==== Input records
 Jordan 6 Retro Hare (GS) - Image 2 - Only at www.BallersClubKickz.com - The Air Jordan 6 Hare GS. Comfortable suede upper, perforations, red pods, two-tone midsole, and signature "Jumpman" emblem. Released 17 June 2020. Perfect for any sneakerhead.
========
==== Input records
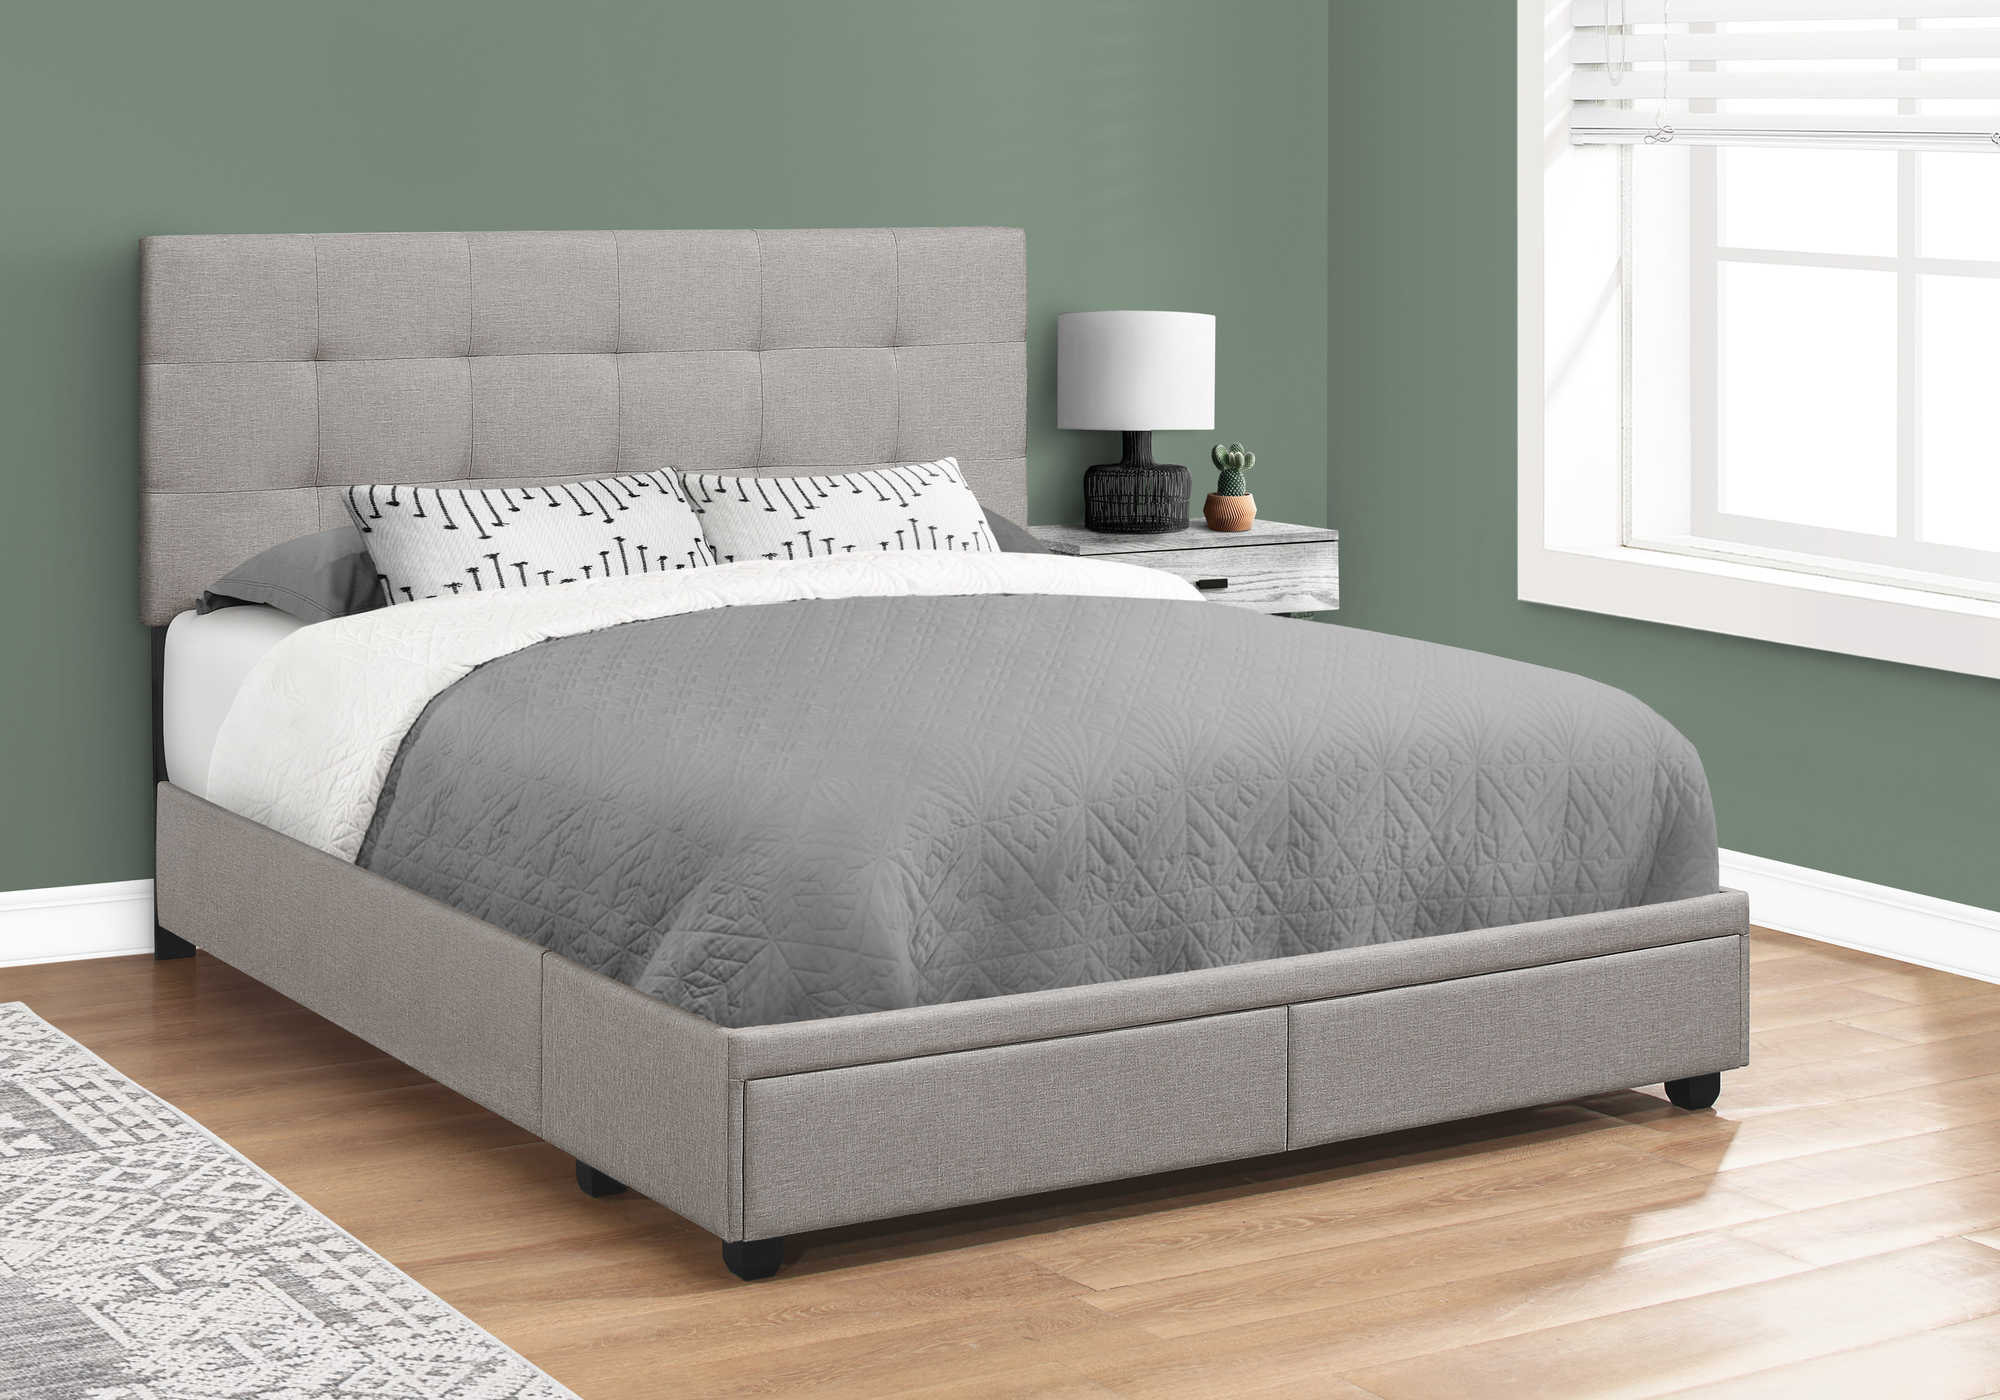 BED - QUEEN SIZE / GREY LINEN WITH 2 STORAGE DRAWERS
========
==== Input records
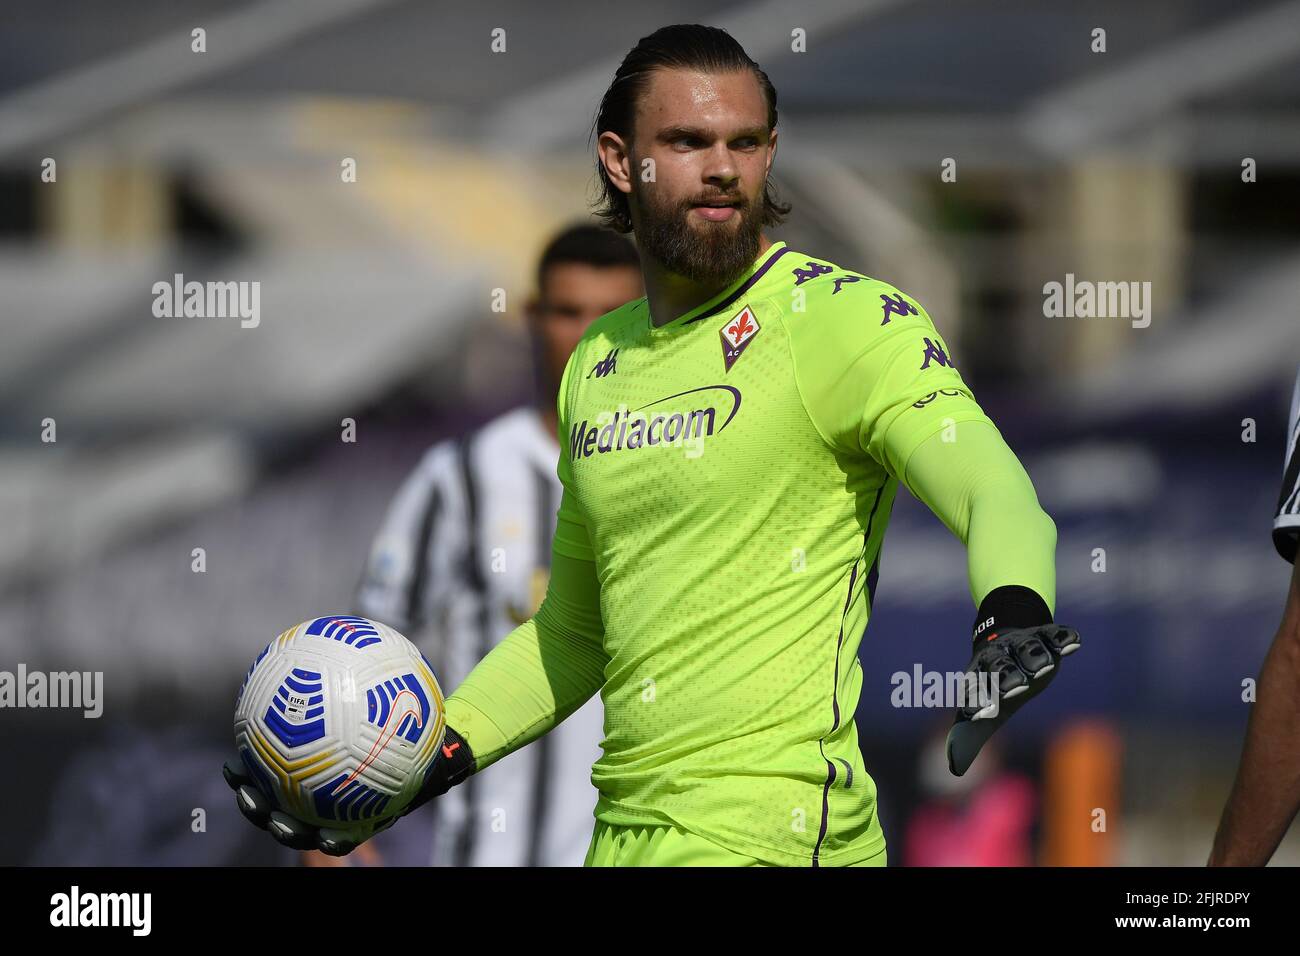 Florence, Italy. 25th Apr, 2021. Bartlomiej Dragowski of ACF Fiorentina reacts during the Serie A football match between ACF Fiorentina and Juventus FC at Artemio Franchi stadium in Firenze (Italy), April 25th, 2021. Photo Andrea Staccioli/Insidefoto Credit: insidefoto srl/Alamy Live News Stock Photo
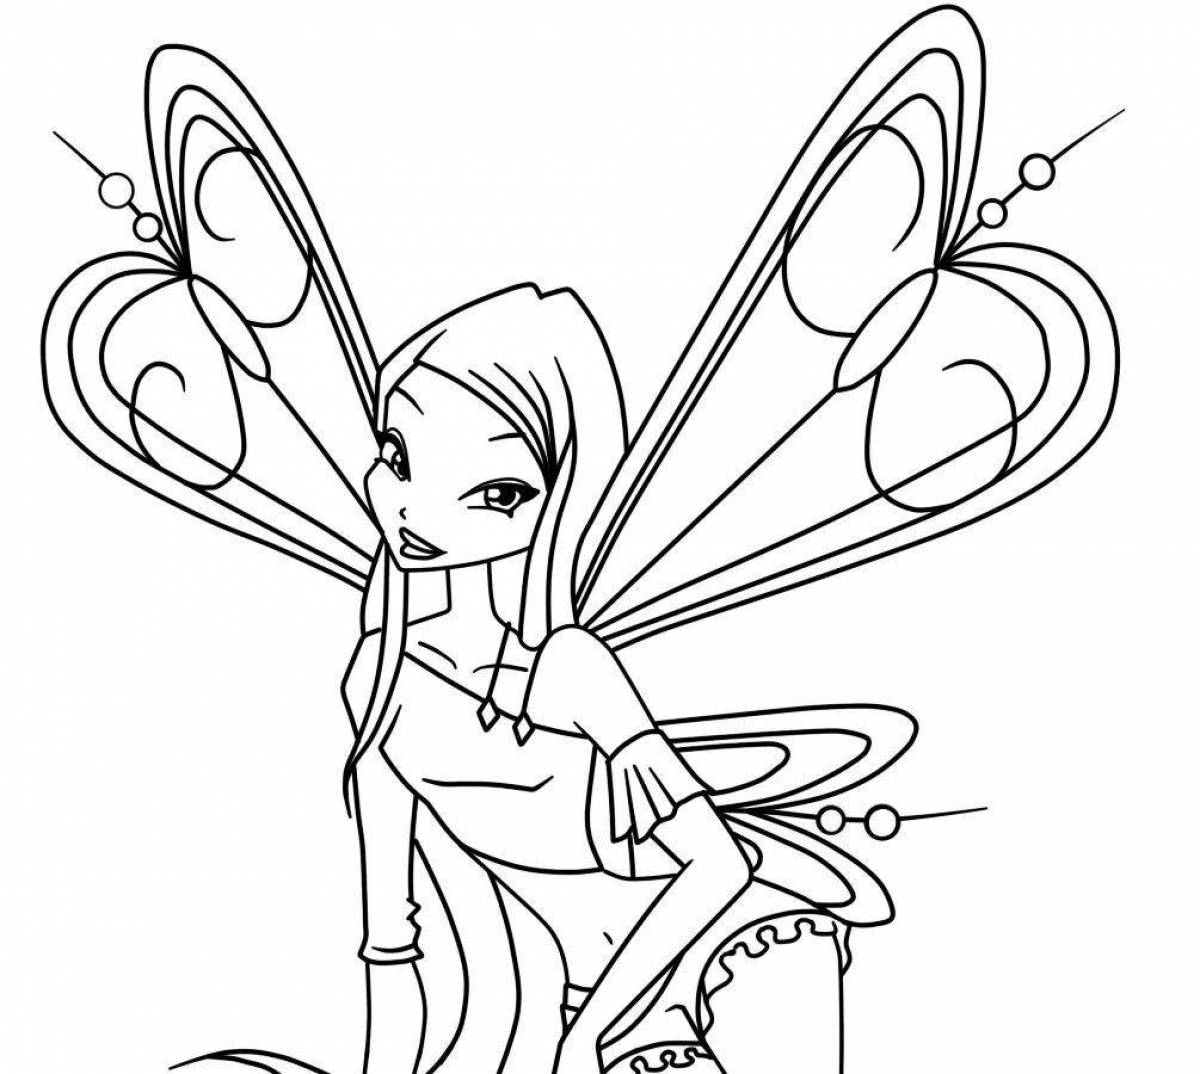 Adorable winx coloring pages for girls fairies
========
◆ Task item: No picture is to be printed. Output exactly the lines above from the line containing "Florence, Italy. 25th" through the line containing "Adorable winx coloring".

◆ Task answer:
 Florence, Italy. 25th Apr, 2021. Bartlomiej Dragowski of ACF Fiorentina reacts during the Serie A football match between ACF Fiorentina and Juventus FC at Artemio Franchi stadium in Firenze (Italy), April 25th, 2021. Photo Andrea Staccioli/Insidefoto Credit: insidefoto srl/Alamy Live News Stock Photo
 Adorable winx coloring pages for girls fairies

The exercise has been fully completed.